Regarding the site , you have mentioned that it is designed designed mainly to promote (preach) for the religion of Islam . We have the right to explain the true Islam and not the Islam that Western world used to see through Media that is completely controlled by Zionism. In this site, you can take a glance about the Islam and I am sure We know our religion better than others. By the way, when we preach to Islam that is because we are beleiving that we have to tell people all over the world about our beleifs, our teachings in a time that has been badly used to deform our religion. you can clearly notice that when a Muslim commit something wrong(a crime, a terrorism action, etc.) the civilized nations will clearly and in bold letters state that (A Muslim did so and so) They do not care about your nationality or your ethnity as long as you are Muslim you are a terrorist. while on the other hand, if a christian or a jew did a terrorism action , the fair media will show something like : A British has done so and so). I do not know why do you have some touches against Islam. First of all read about real Islam and think about it. It is not logic to conclude that Islam is a religion where you have to kill non muslims because a muslim has kiled someone.
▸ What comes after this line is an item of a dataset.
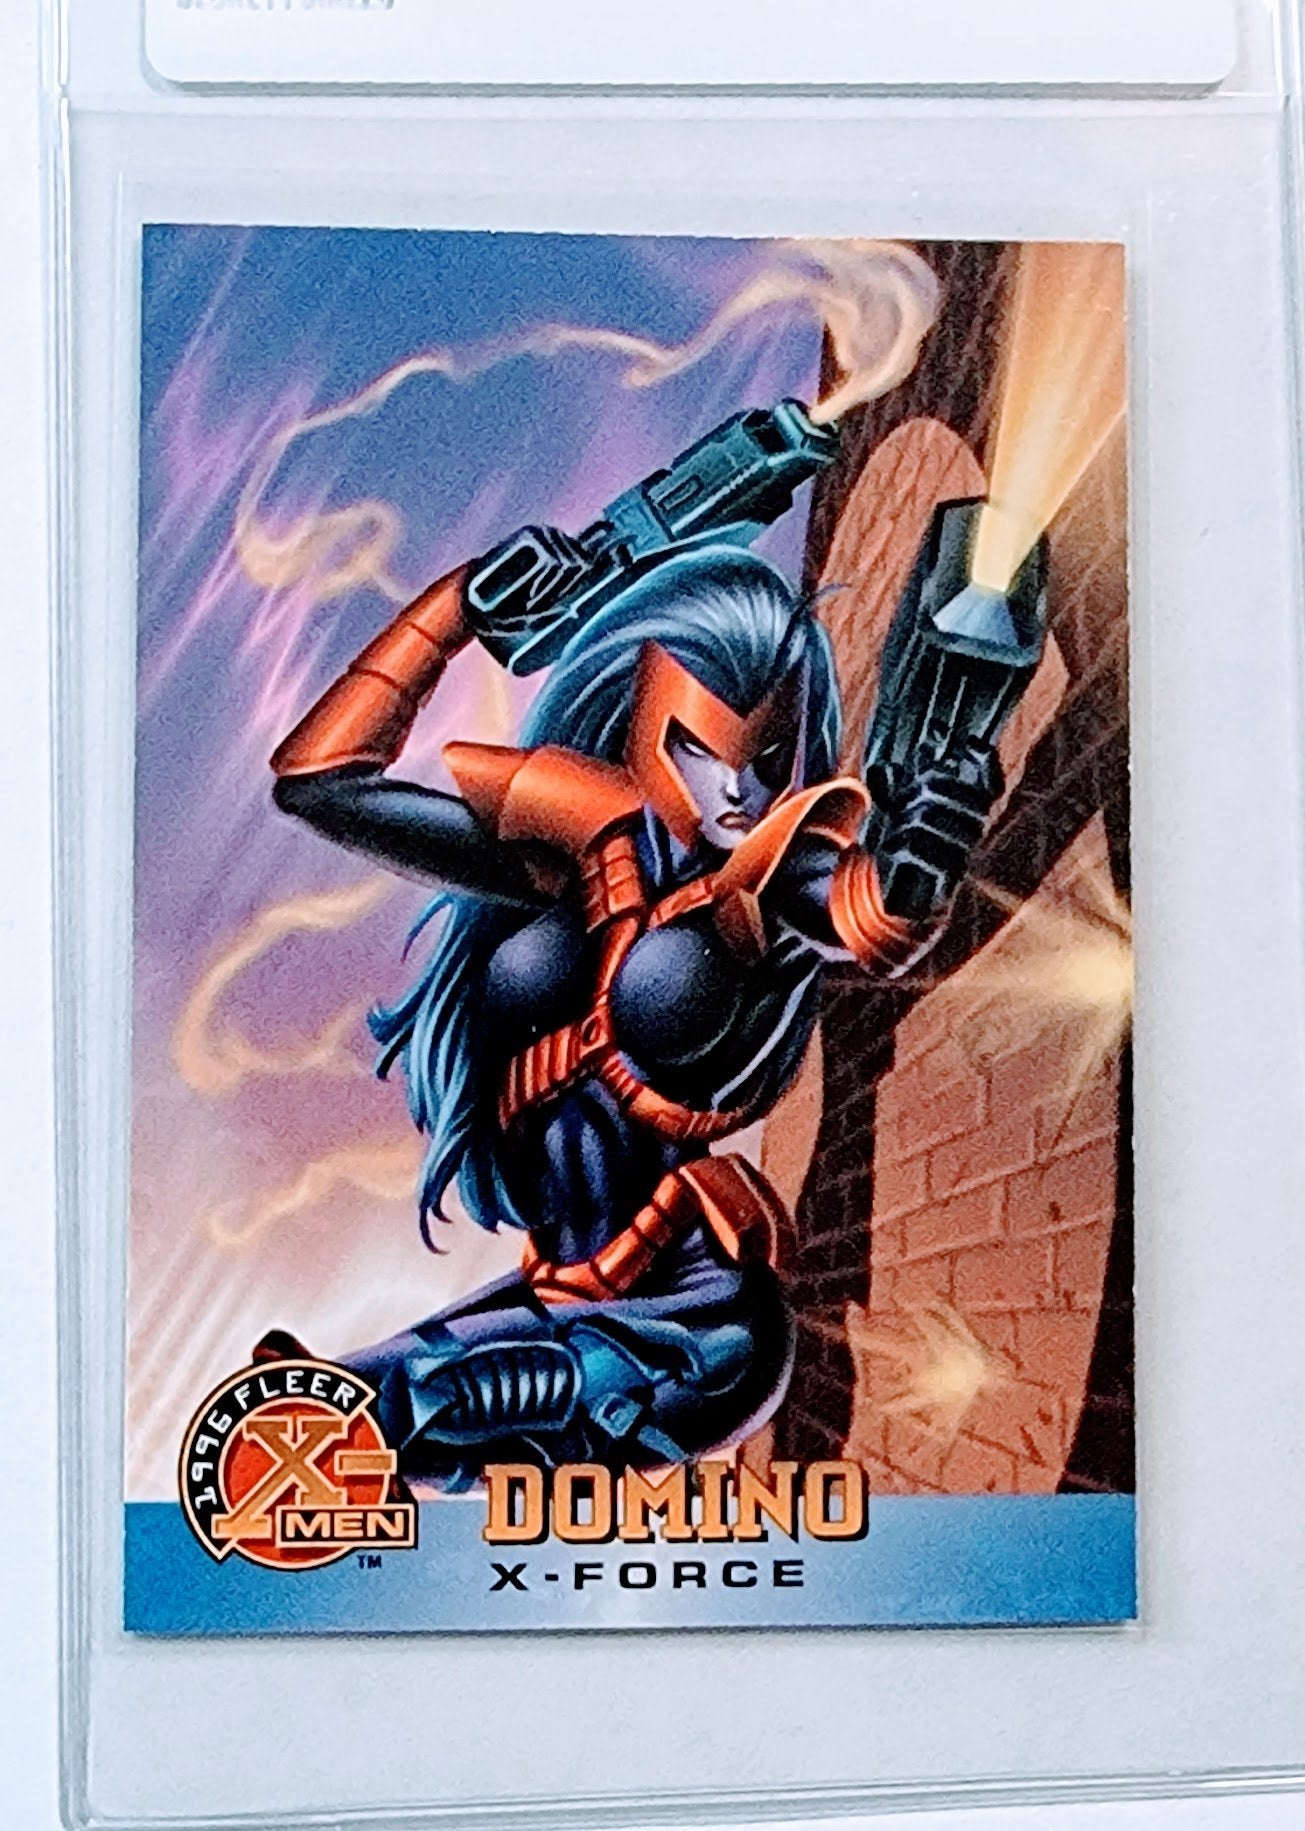 1996 Fleer X-Men Domino Marvel Trading Card VG/NM cAVM1 simple Xclusive Collectibles

I am sorry becuase I have misused the arab lounge to say this but I think I have to clarify things for you because I do respect your openion and I must deffend my point of view.
Best Wishes

----------

to " a true arab ": 
1> by saying that your country is holy and no churches are allowed to be built on it's territory, then this means that (it is ISLAMIC-RADICAL country ) thus you are afraid (in your point of view) that any other religion is inferior to yours and you don't allow it ( TO SPOIL ) your sacred land , correct ?  
i know from my personal experience some muslims  who wanted to convert to Christianity , but they told me that if they do this then (according to your religion) that either they would be killed or severly physically punished if they publicly announced their conversion to Christianity , is this true ? 
I advise you to go to this site : www.persecution.org
- click on " country info " , at the left's menu.
- then click on " saudi arabia " , at the middle east. 
and you will see what your ( holy religion and country ) is practising.
and please , don't tell us that all of this is ( propoganda , - - - or whatever). because these are all documented FACTS. 
peace to you !

----------